Kickstarter is a crowdfunding platform that allows ideas, projects, and products to be financially backed by those who would like them to be a reality. At its core, it is a community-driven company and can only thrive if its user-base has faith in the effectiveness of its mission. Therefore, to protect its mission, Kickstarter has legally become a Public Benefit Corporation. This means it will be legally protected as it makes business decisions that put its mission statement first – it cannot be taken to court by shareholders if it puts purpose before profit. A corporation, by contrast, must legally respond to the needs of its shareholders.
Profit and Purpose
This does not make Kickstarter a not-for-profit company.
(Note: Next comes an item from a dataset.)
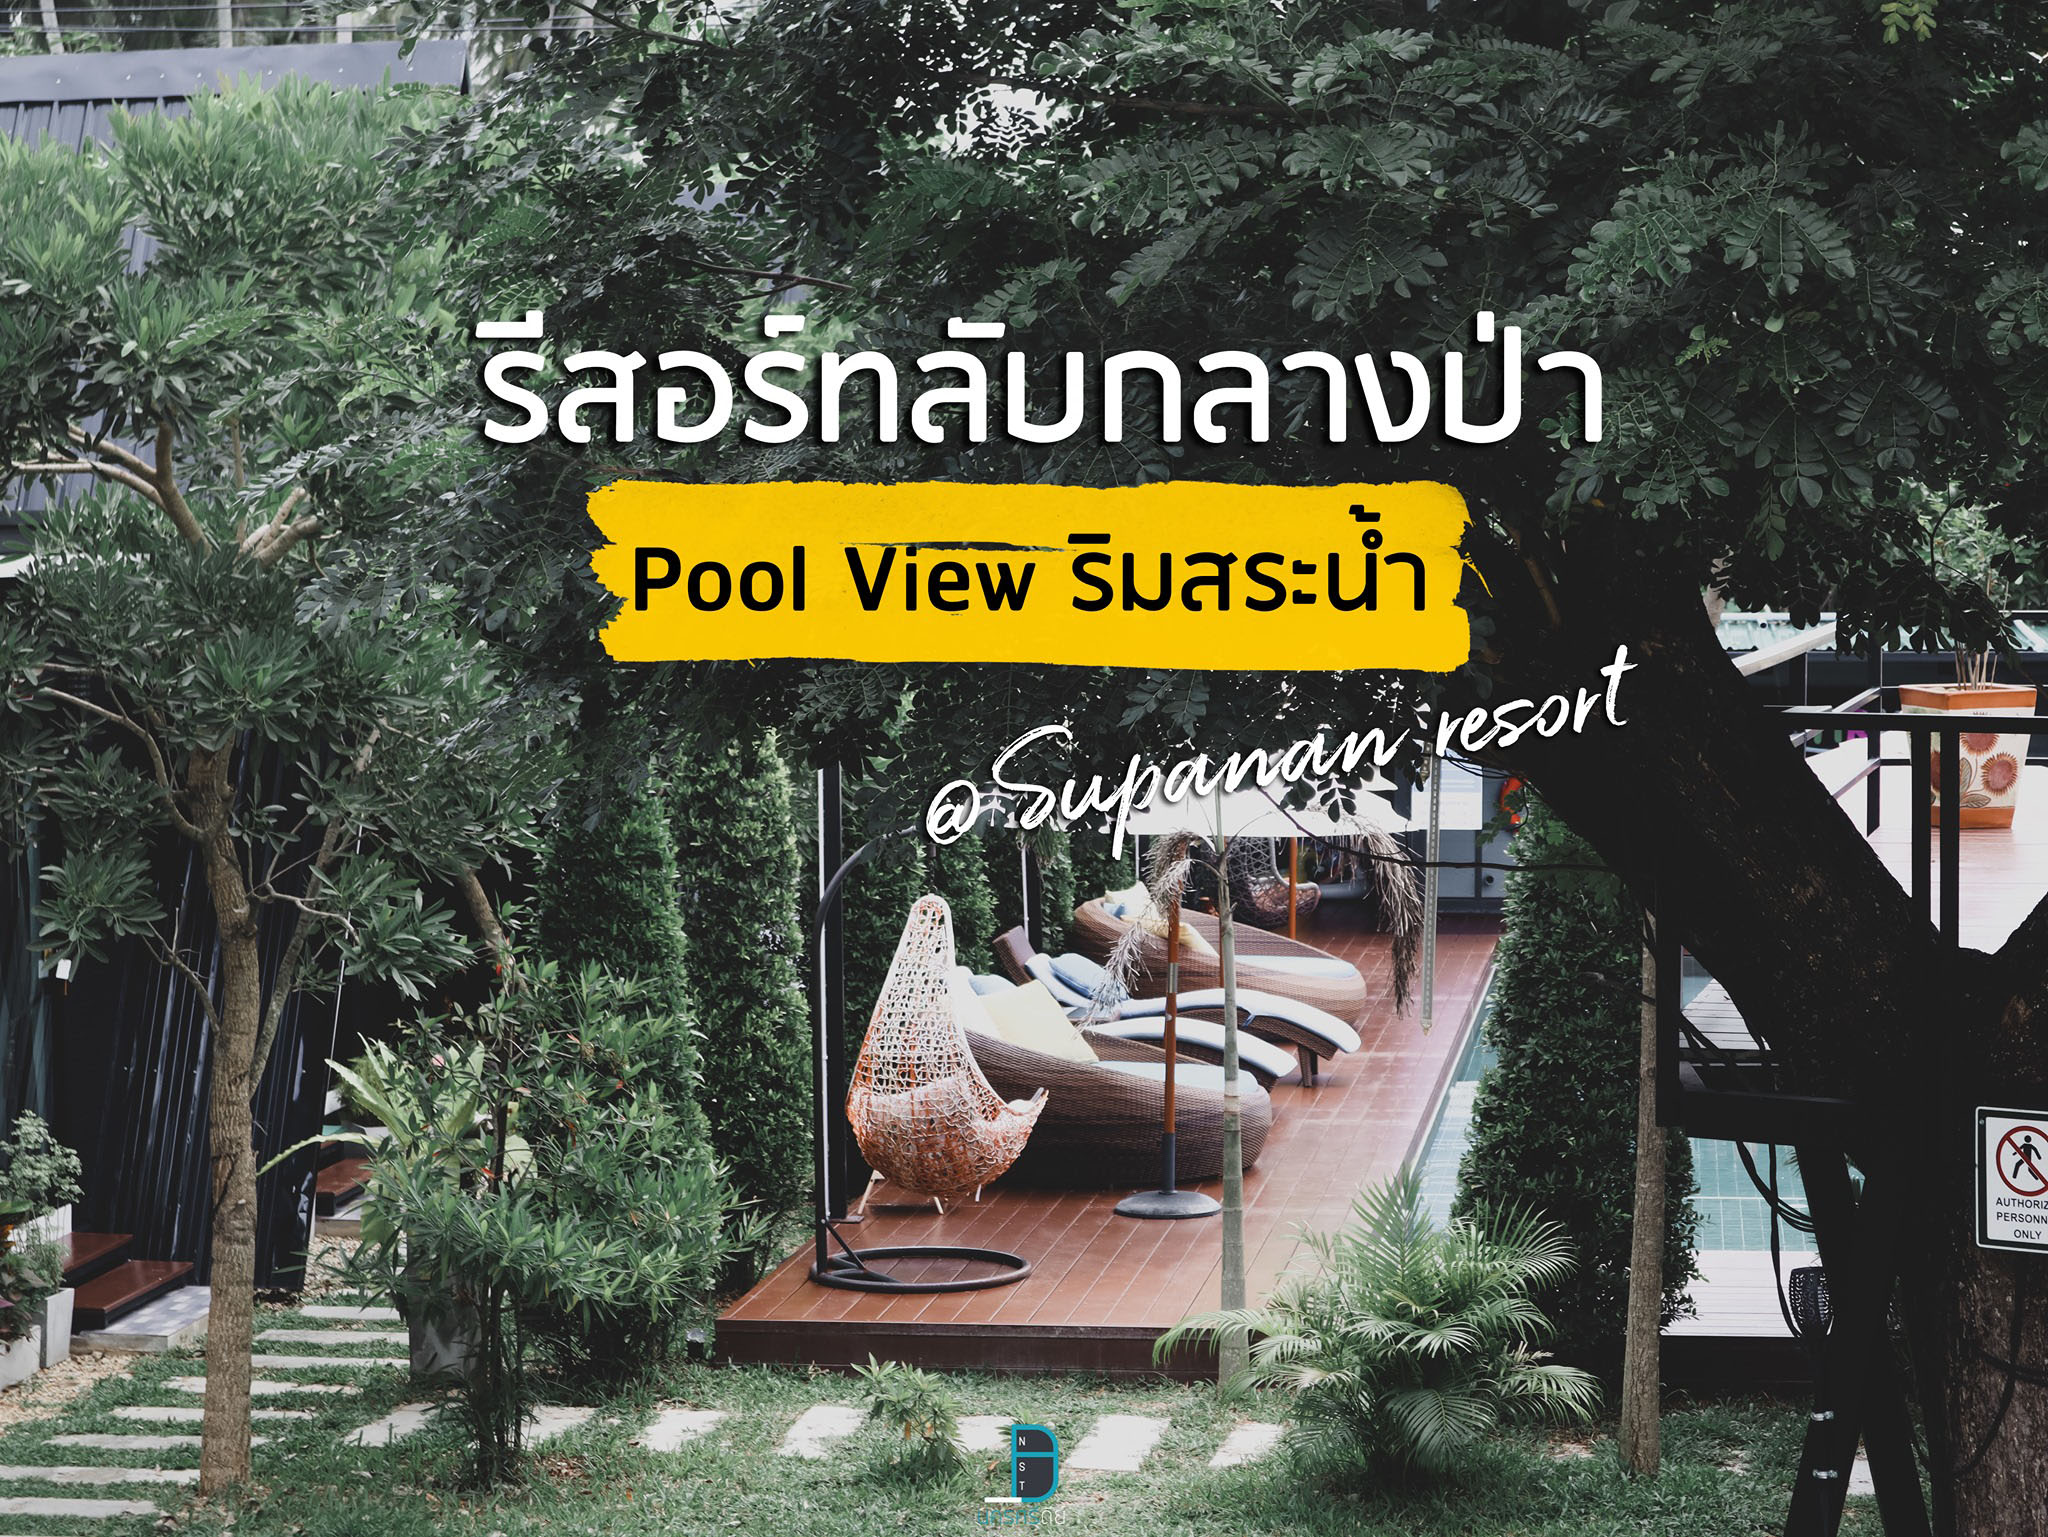  Supanan resort สุภานันท์รีสอร์ท พัทลุง ที่พักกลางป่าวิวสวย พร้อมสระว่ายน้ำ

Profit is still their goal; but they are now legally obliged to pursue and report on their ‘positive impact on society'. Both aims – profit and community benefit – must be considered by their board when making decisions.
Kickstarter’s founders wrote on their blog this week:
“Companies that believe there are more important goals than maximizing shareholder value have been at odds with the expectation that for-profit companies must exist ultimately for profit above all.”
While it may seem that making this decision would dissuade shareholders from investing in the company, Kickstarter reported voted ‘unanimously’ to change its legal status.
PBCs in the UK?
Public benefit corporations are a fairly new piece of legislation in the United States, first passed in 2010. Since then, 31 states in the US have passed benefit corporation laws, which speaks of a growing trend of ‘for-profit and for-purpose’ companies. While companies that have changed their legal framework in this way are in the minority, Kickstarter hopes that will inspire others to follow.
Public benefit corporations do not presently exist in the UK. In the UK, 'Companies Limited by Guarantee' have similar legislation, but it is important to note that these are not-for-profits.